Your partner can then remain in the USA as a lawful permanent resident indefinitely.
If your partner would like to become a US citizen, and enjoy the benefits of US Citizenship,
such as traveling internationally on a US Passport, once he or she has been a permanent resident
for three years your partner is eligible to apply.
While working together I get to know my clients really well,
and they in turn get to know me. Typically they like the experience and continue working with
team VisaCoach, for each step along the entire US immigration path, immigration visa,
adjustment of status, removal of conditions, and finally US citizenship.
A question I regularly get is “In choosing between Fiance or Spouse Visas,
which one is easiest and best?”
For most couples there is no obvious winner to the “Which is easiest?” question.
Both are equally easy. Or maybe a better way to put it is they are both equally difficult.
Both rely on providing the same relevant evidence of your courtship and underlying genuine relationship.
In both cases the interviewing consular officer must be persuaded that yours is a “bona fide” relationship.
Then “Which is best”?
Sorry, I can’t answer this one for you, because what is best for you and your partner
boils down to what you and your partner really want to have happen and how.
This is all about your personal preferences and plans.
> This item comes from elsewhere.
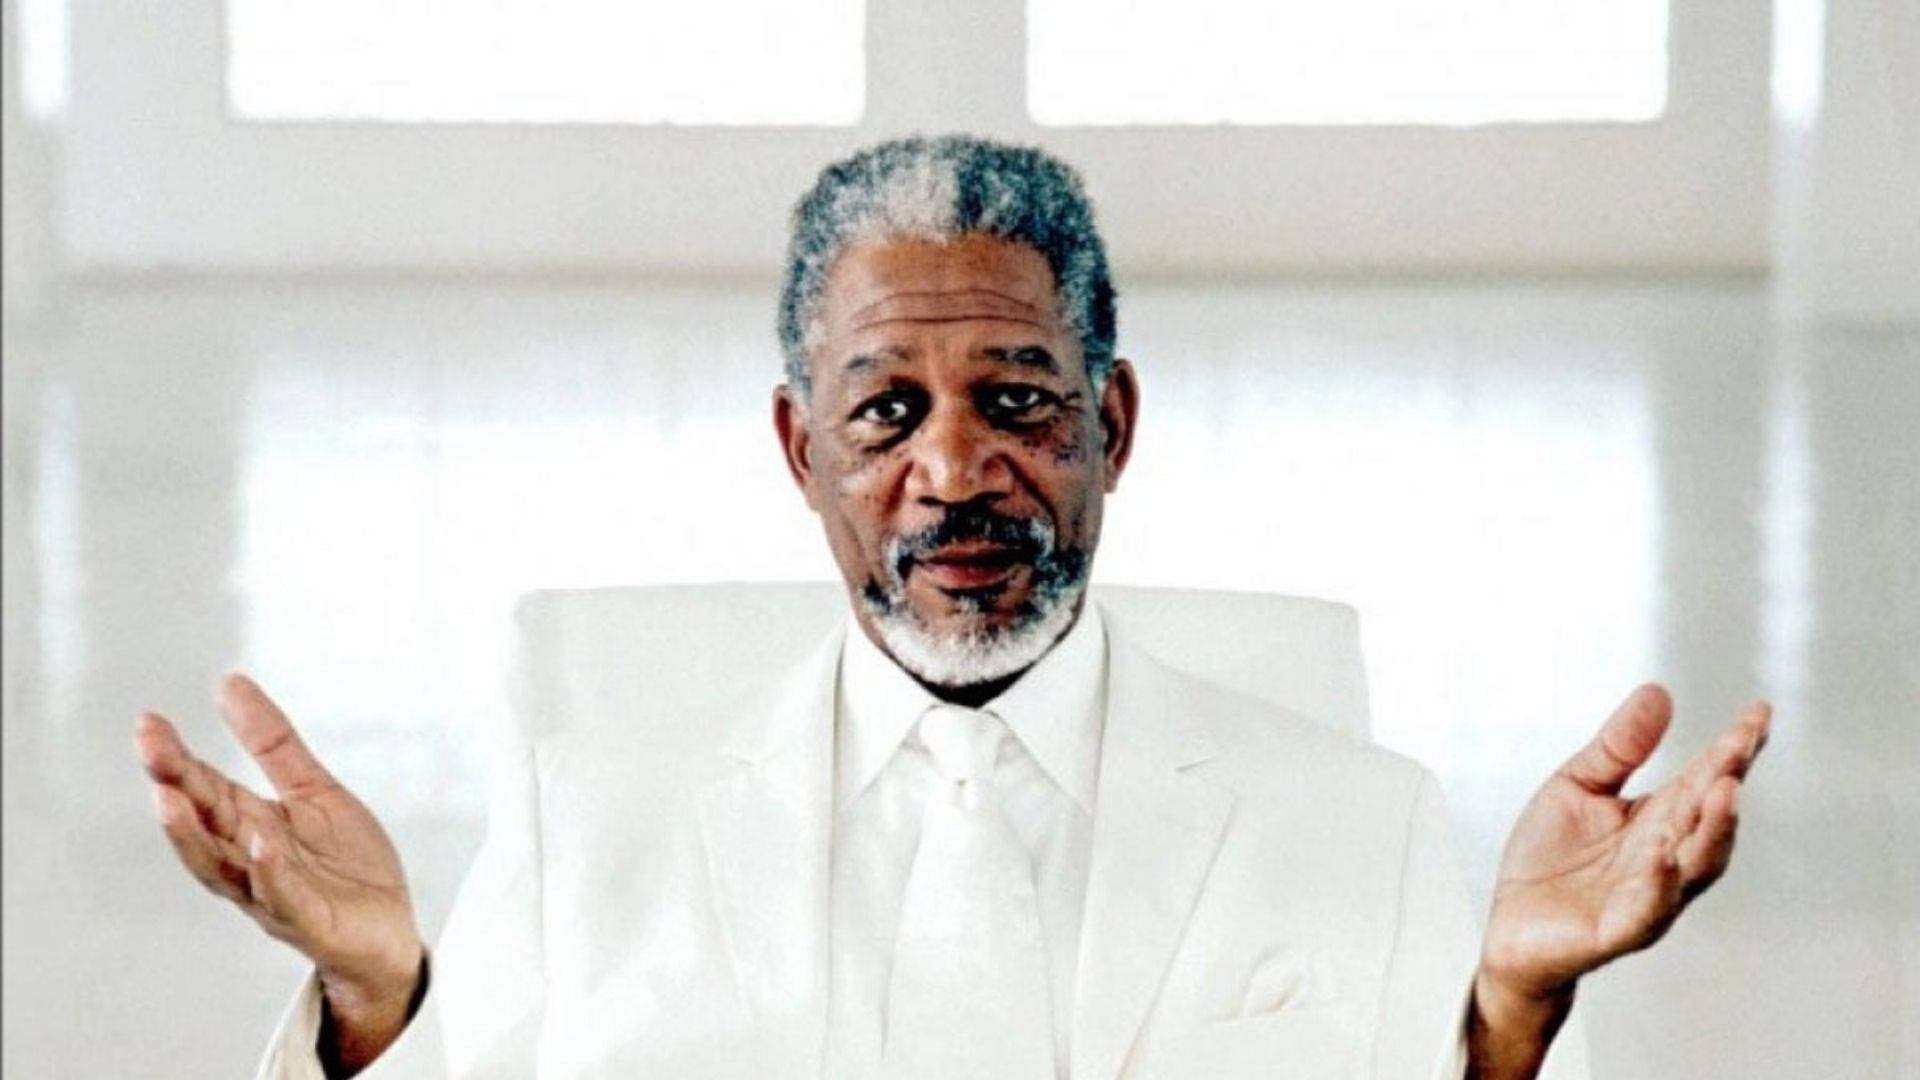 Morgan Freeman In White Suit

There are three issues, you should discuss with your partner, and come to a consensus on.
How soon do you want to start your USA life together?
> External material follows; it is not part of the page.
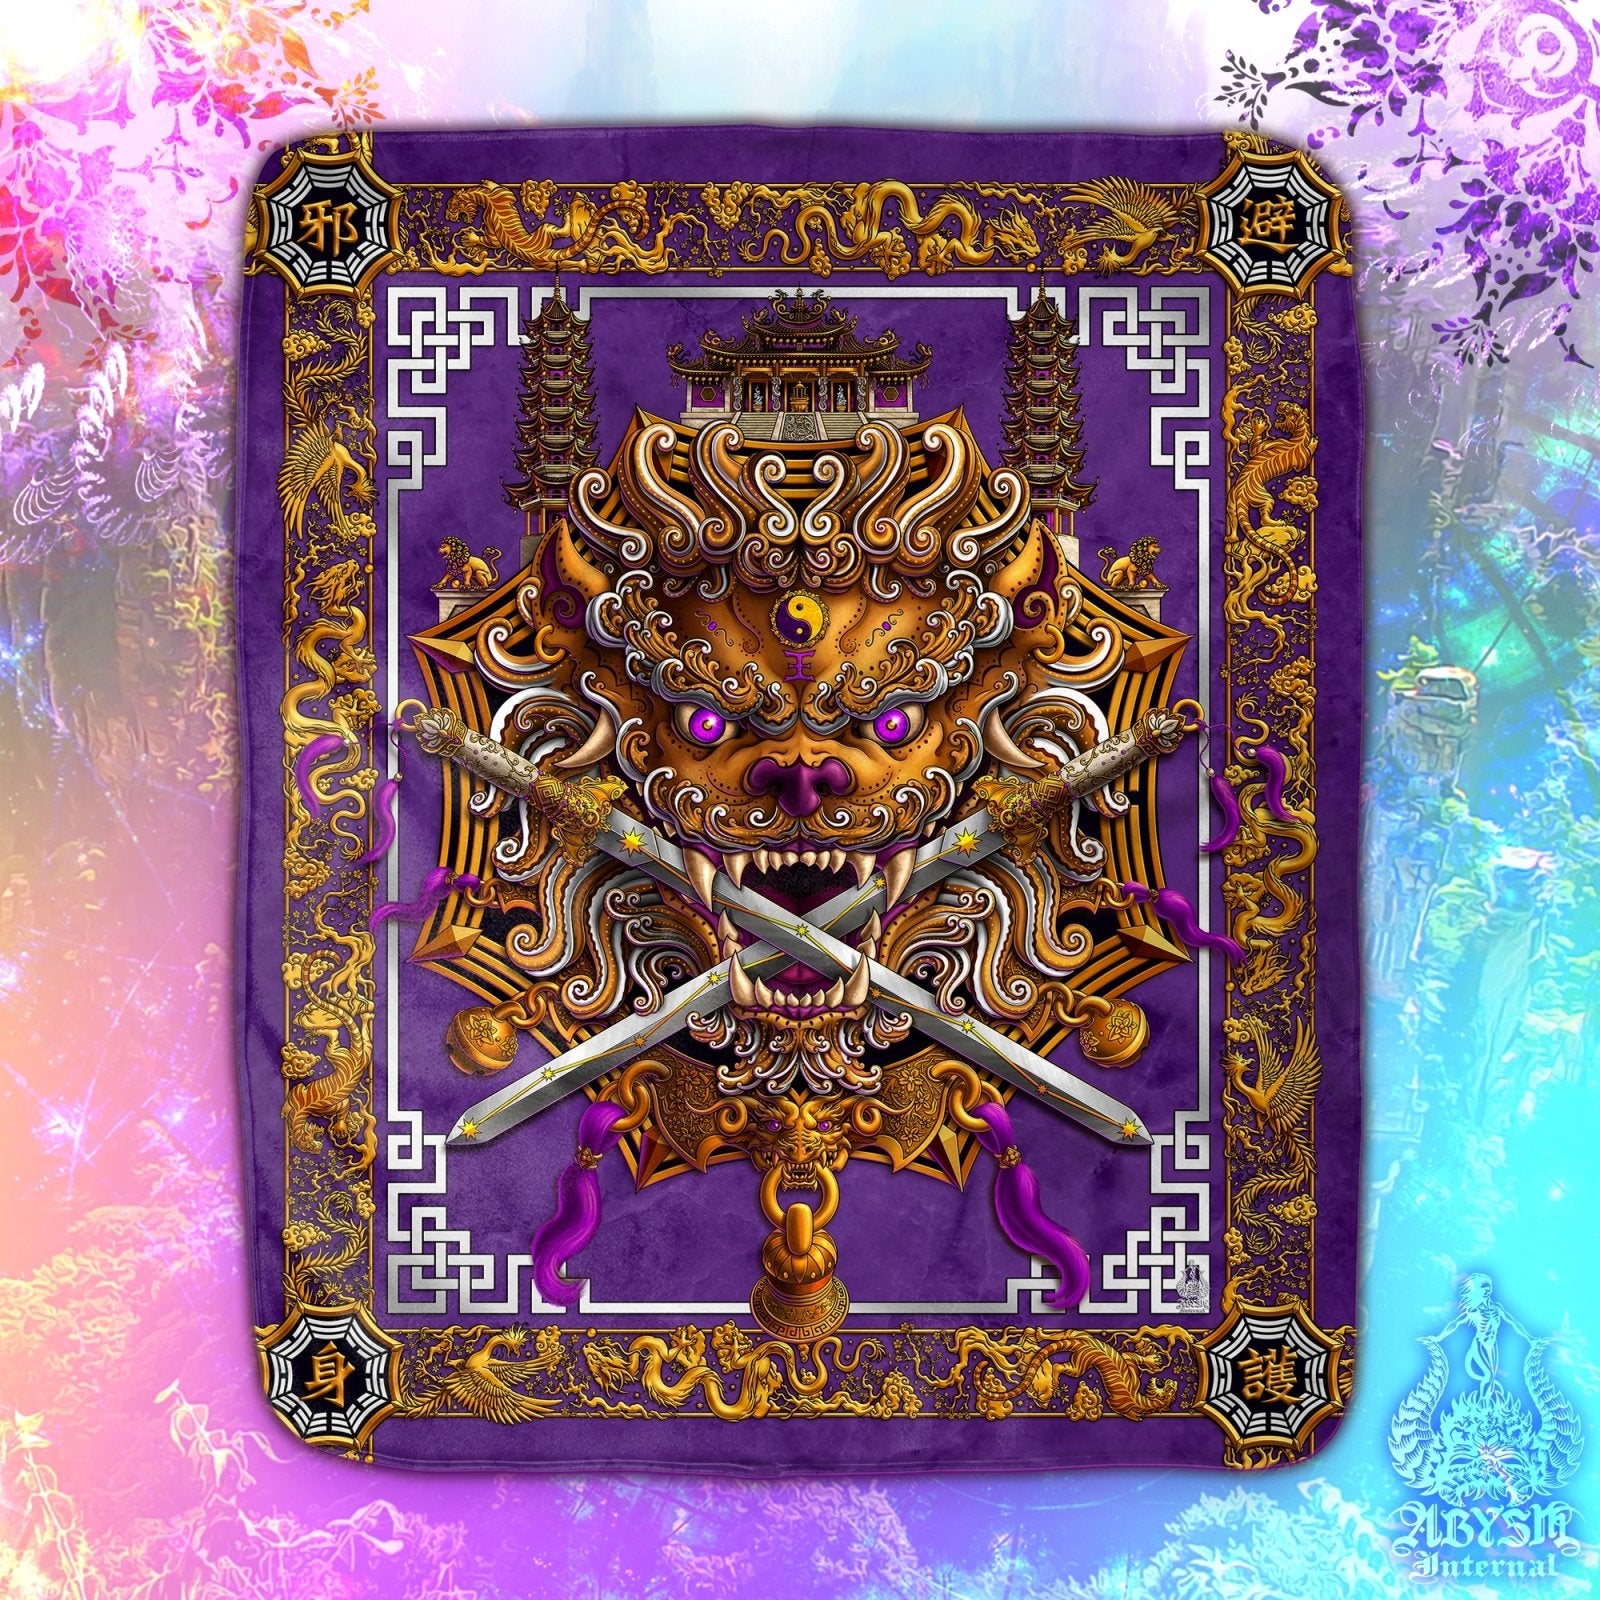 Asian Lion Throw Fleece Blanket, Taiwan Sword Lion, Chinese Art, Gamer Room Decor - Purple & White - Abysm Internal

How soon does your partner want to be eligible to get a job in the USA ?
Where do you desire the wedding ceremony to be held ?
Decide on these and you’ll pretty much have your answer as to which path to take.
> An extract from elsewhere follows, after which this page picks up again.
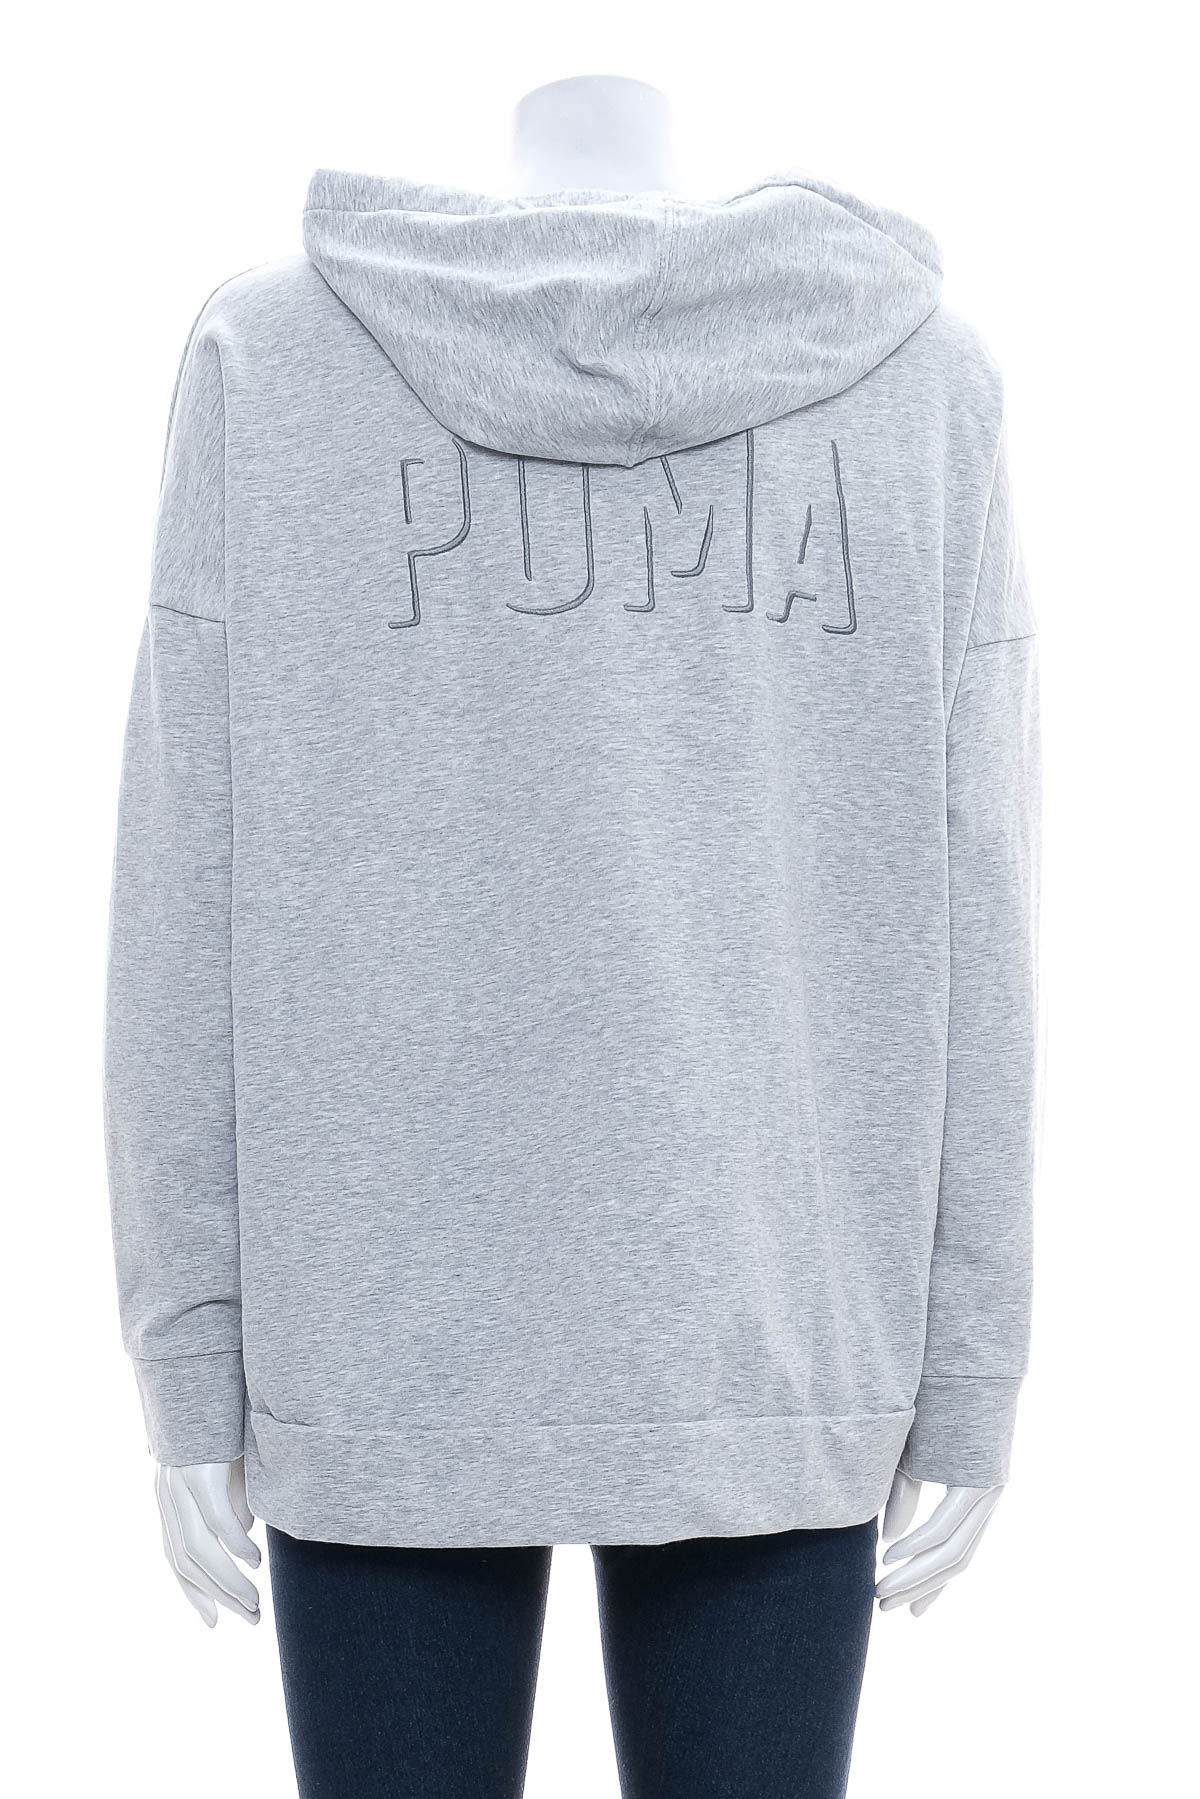 Women's sweatshirt - PUMA - 1

And in considering these issues, be aware of the following:
How soon can life in the USA begin?
As a rule the fiance visa path typically is twice as fast as a spouse visa.
Recently fiance visas take about 9 months compared to spouse visas taking 14 to 18.
Fiance visas can be applied for immediately after the in-person meeting.
A spouse visa can only be applied for immediately after the wedding.
How soon is your foreign partner eligible to work?
Arriving on a spouse visa, your spouse is pre-approved for permanent residency and
can start work immediately upon arrival to the USA. Literally can go directly from the airport to the job.
But a fiance visa immigrant after arrival, mustt marry, and apply for adjustment of status
and work authorization. Typically the earliest work authorization is granted is about 8 months after arrival.
Where to have the wedding?
One of you may have imagined and hoped for and even planned the ultimate wedding.
Perhaps dreamed of where it should take place,
what it would be like, which family and friends MUST be there. You really, really,
should be careful, not to disappoint your partner.